To reach the objectives, three actions are proposed:
creation of a small network of research groups already actively involved in quantitative research on agricultural systems; network members exchange information, set guidelines for standardization of modelling, participate in workshops, give seminars at laboratories of other members, and stimulate short visits of junior staff and students to other participants.
informing all European agricultural scientists actively and passively interested in systems research by a Newsletter presenting relevant progress, announcements of published methods, models, data sets and meetings.
The core of the Newsletter will be produced by the research groups participating in the network.

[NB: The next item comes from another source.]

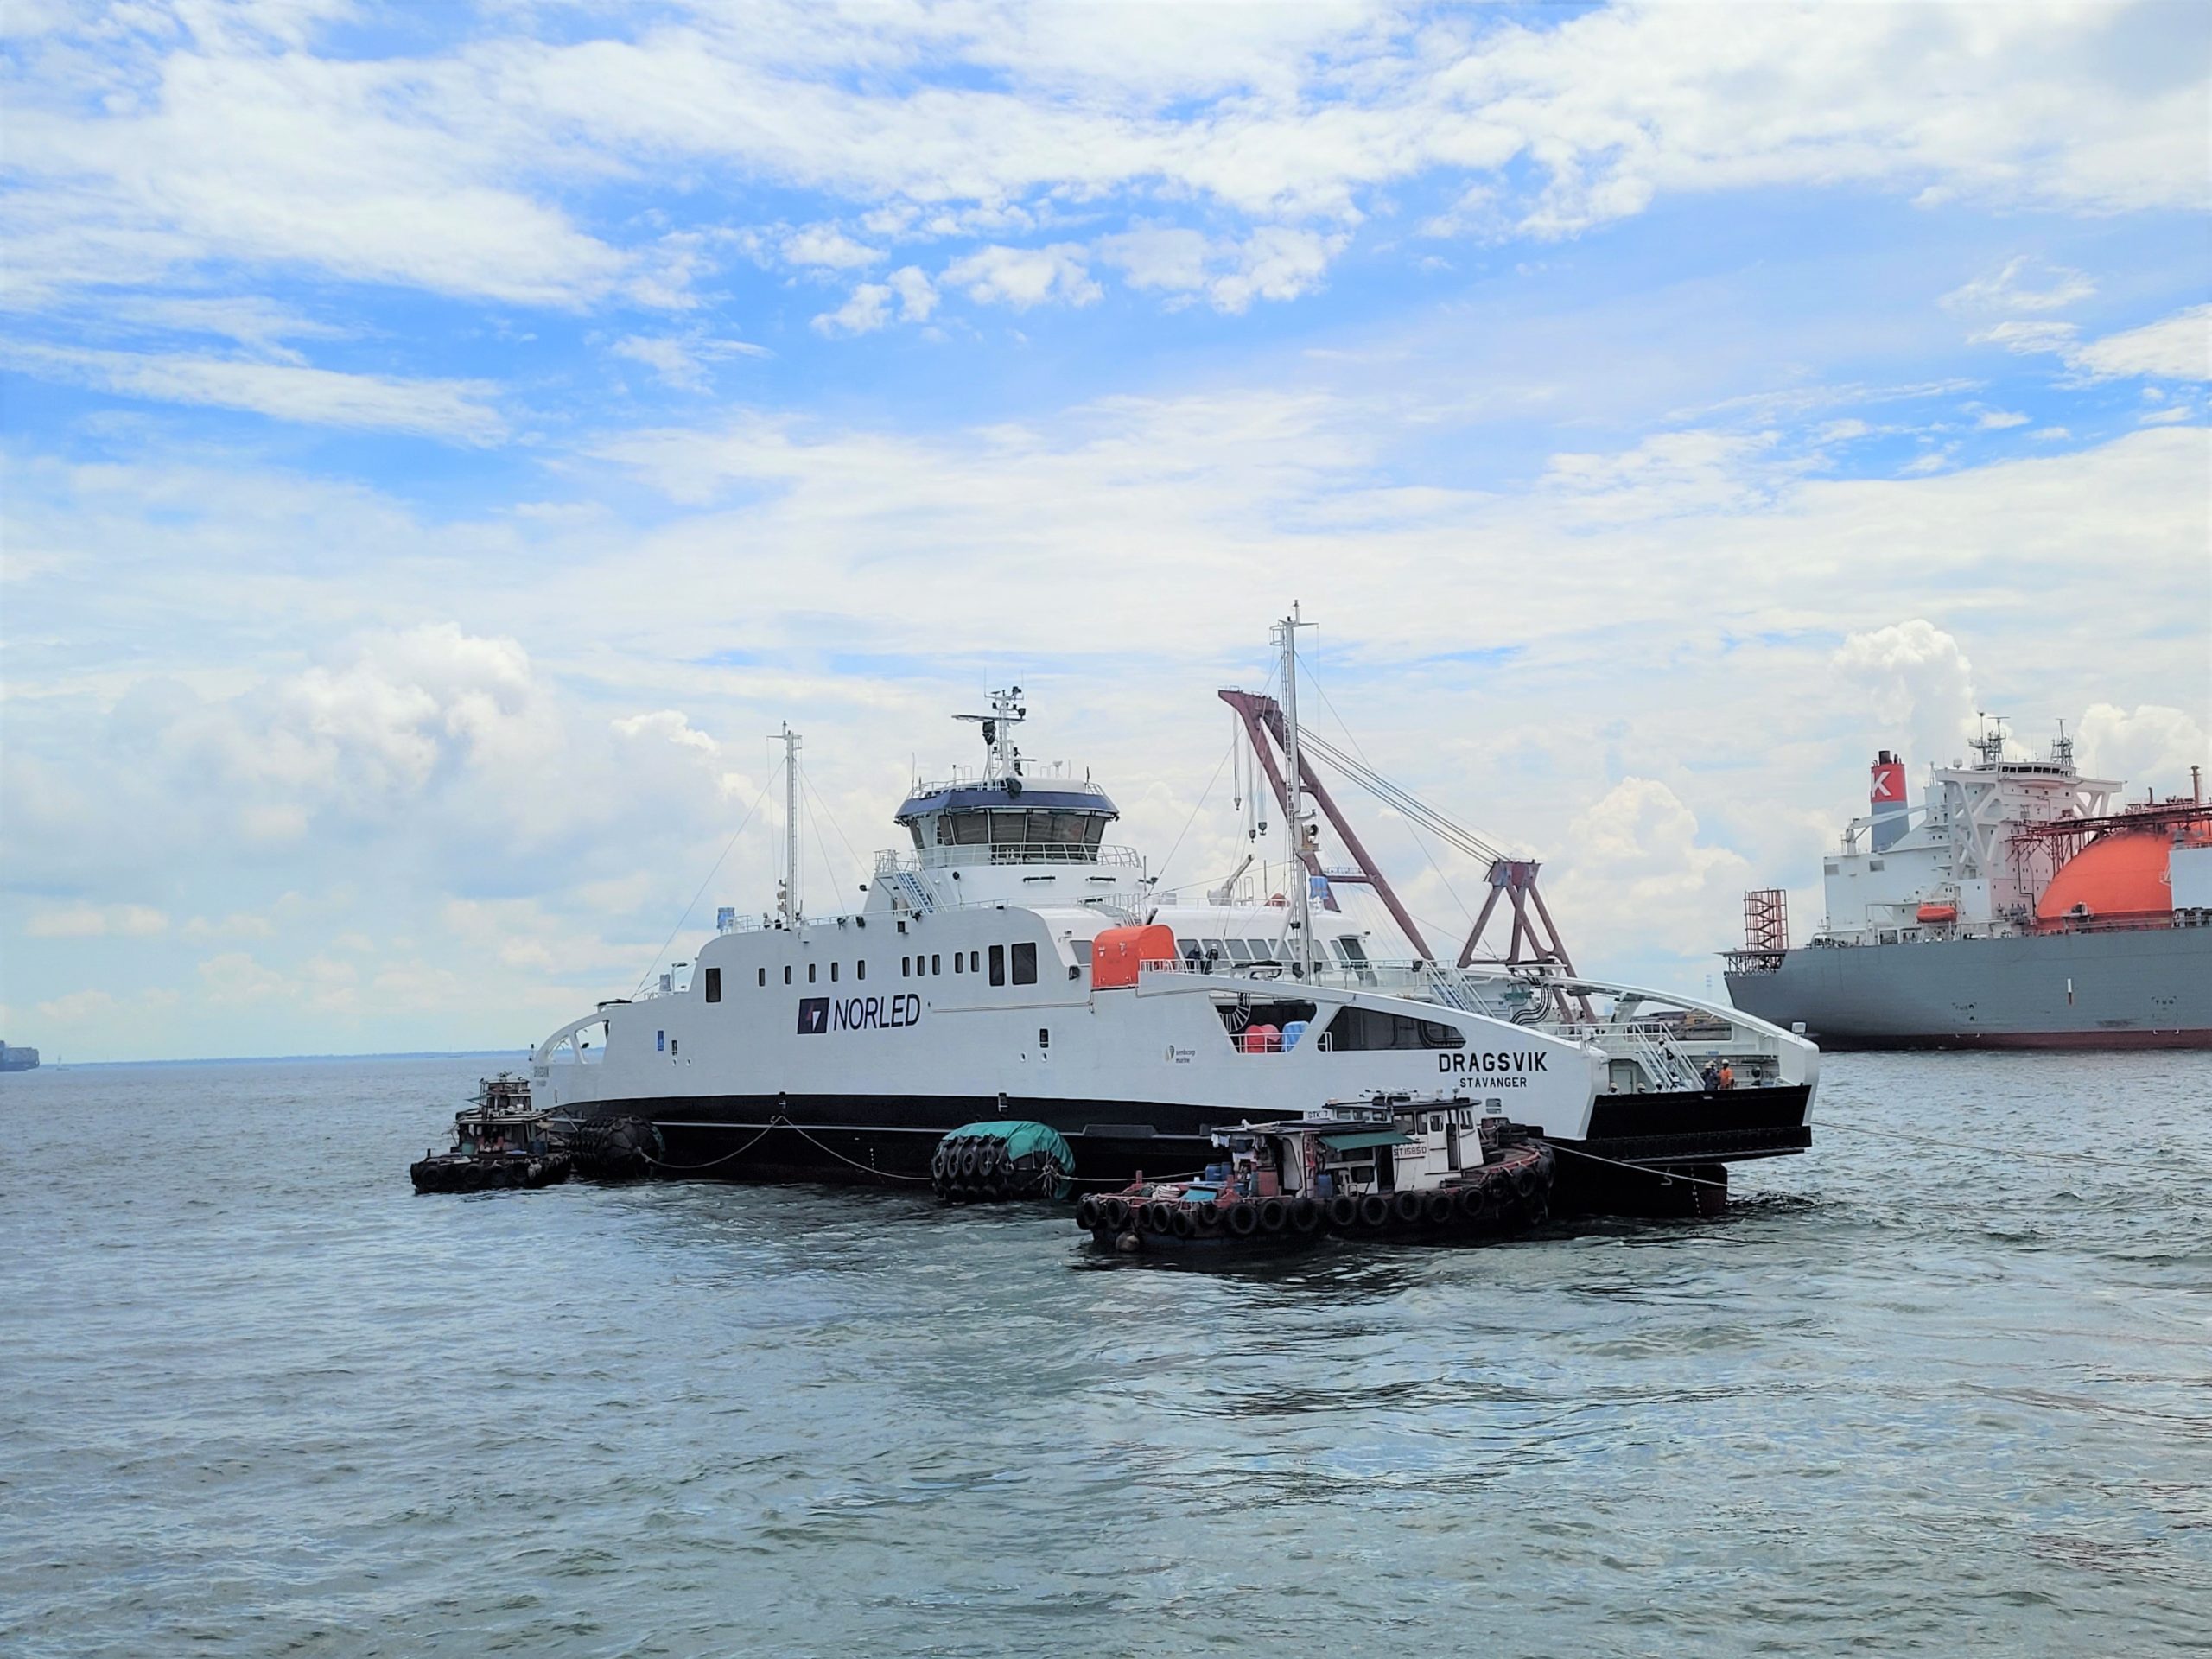 Sembcorp Marine Delivers Second Zero-Emission Battery-Powered Ferry to Norled

It will be investigated whether the Newsletter, once well established, can also cover relevant news from other continents.
setting up and publishing a comprehensive inventory of relevant simulation models and simulation techniques on crops (without constraints, with water and/or nutrient shortage, with biological constraints), animal production, cropping systems, and farming systems. The inventory will include inventories of crop models already made in some countries, and will be initiated in the countries of the network participants and later expanded to other European countries.

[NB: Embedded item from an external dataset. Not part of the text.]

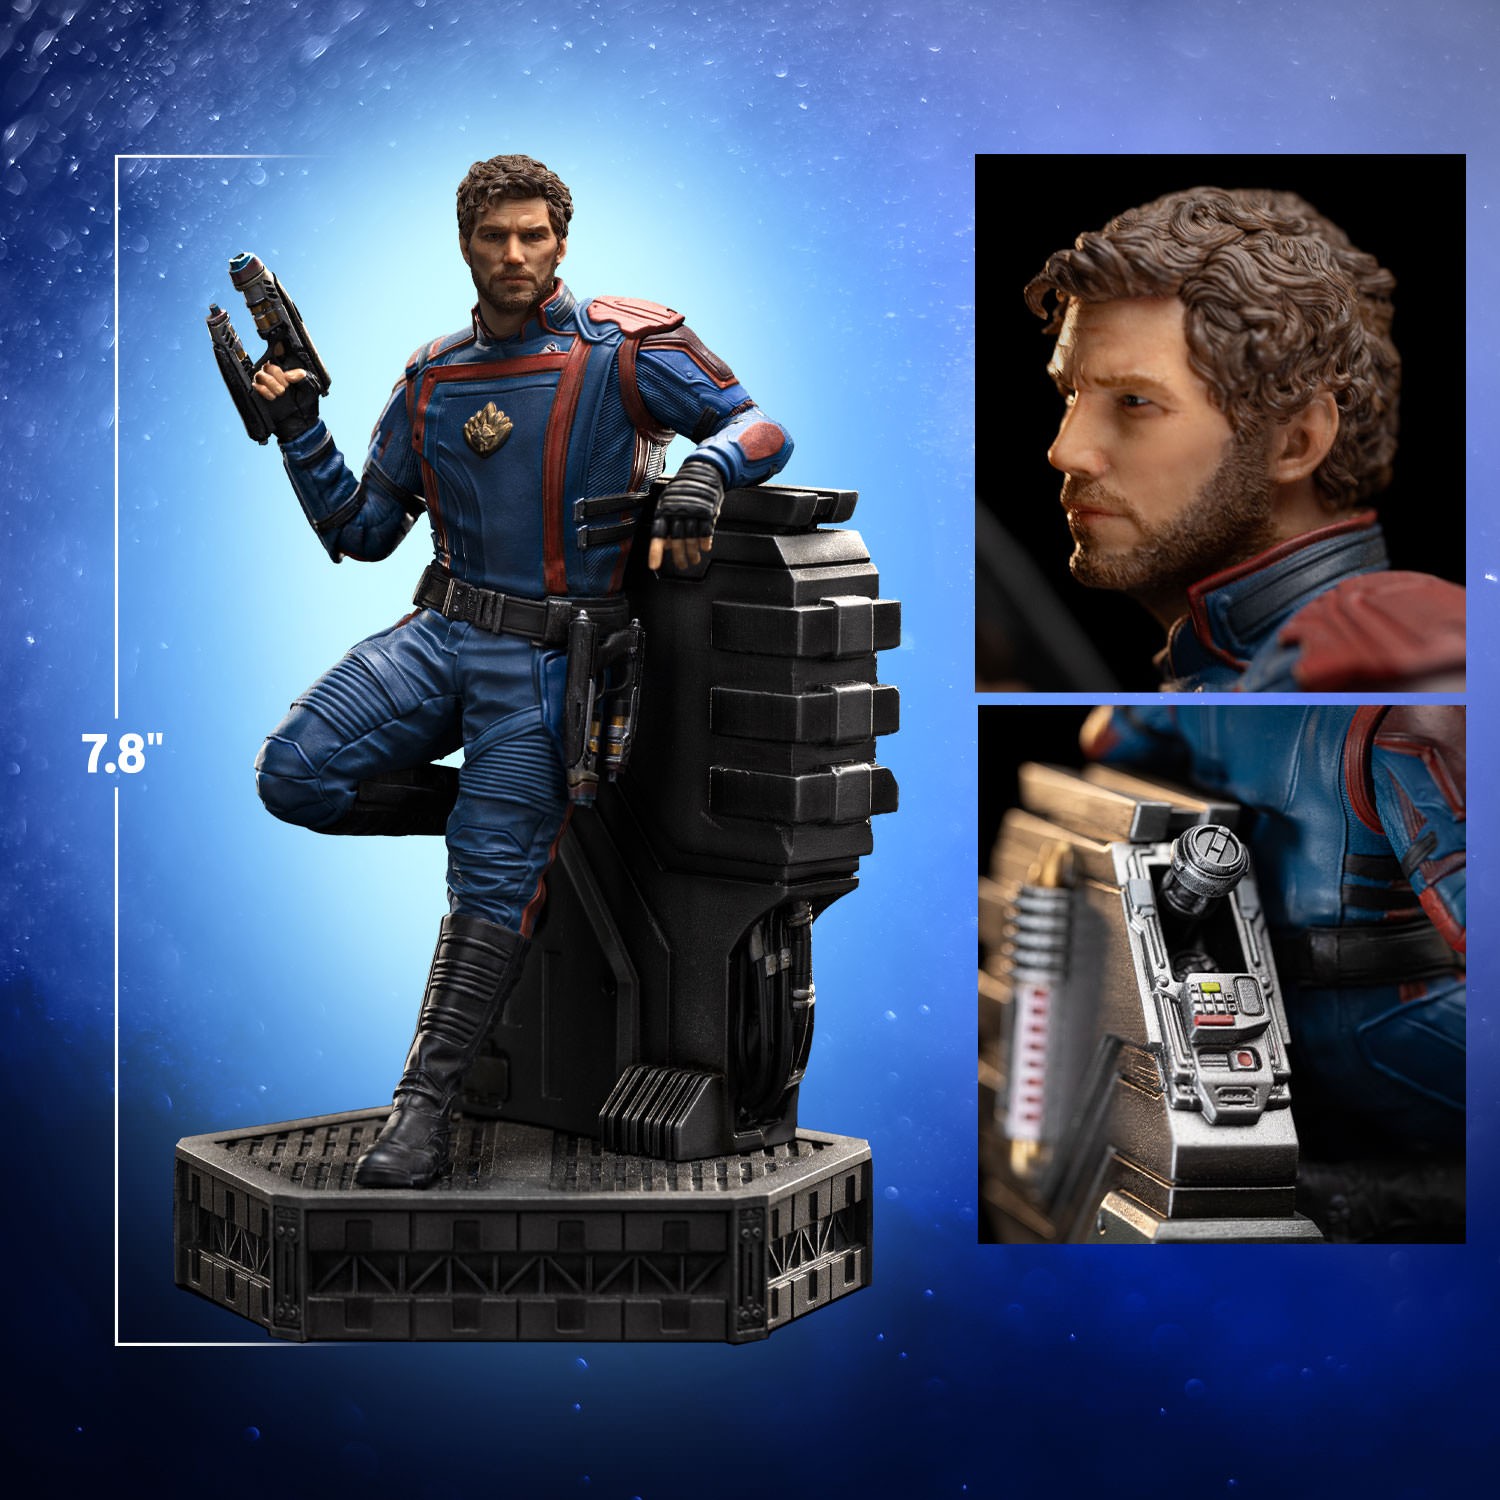 Statue Star-Lord - Art Scale - 1/10 - Avengers: Endgame - Iron Studios -  Iron Studios Official Store - Action figures, Collectibles &Toys

Inclusion of models developed elsewhere in the world will be considered.
Title: Development of a strategy for cooperation and optimal documentation and supply of literature. Coordinators: Mr. M.B. Duisendstraal, Library Wageningen Agricultural University Dep of Ecological Agriculture, NL-Wageningen. Abstract: The overall aim is to improve possibilities for the development of ecological agriculture inside and outside the EU countries, by optimizing working conditions for researchers in the field, in terms of improving utilization of research results produced on ecological agriculture.

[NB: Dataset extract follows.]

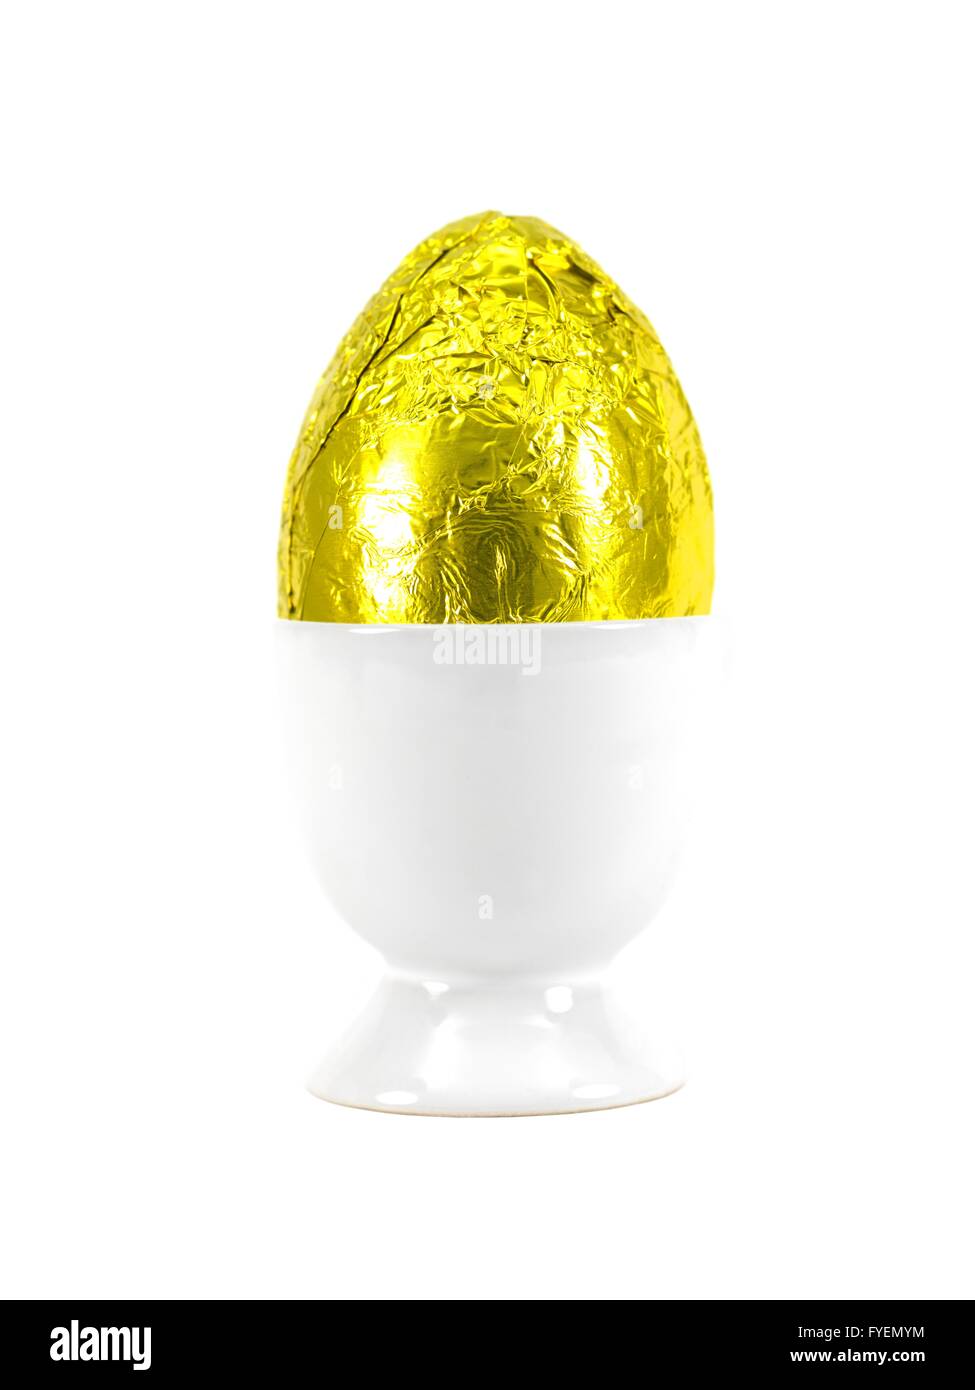 A chocolate Easter egg in a egg cup isolated against a white background Stock Photo

Furthermore, the following aims are stated:
To inventorize and to evaluate existing documentation practices for ecological agriculture.
To improve literature documentation services and document supply in the field of ecological agriculture.
To discuss and to clarify needs and demands concerning documentation services on ecological agriculture, and to include both producers (=documentation services) and consumers (=user groups in the field of research, education, extension service) in this discussion.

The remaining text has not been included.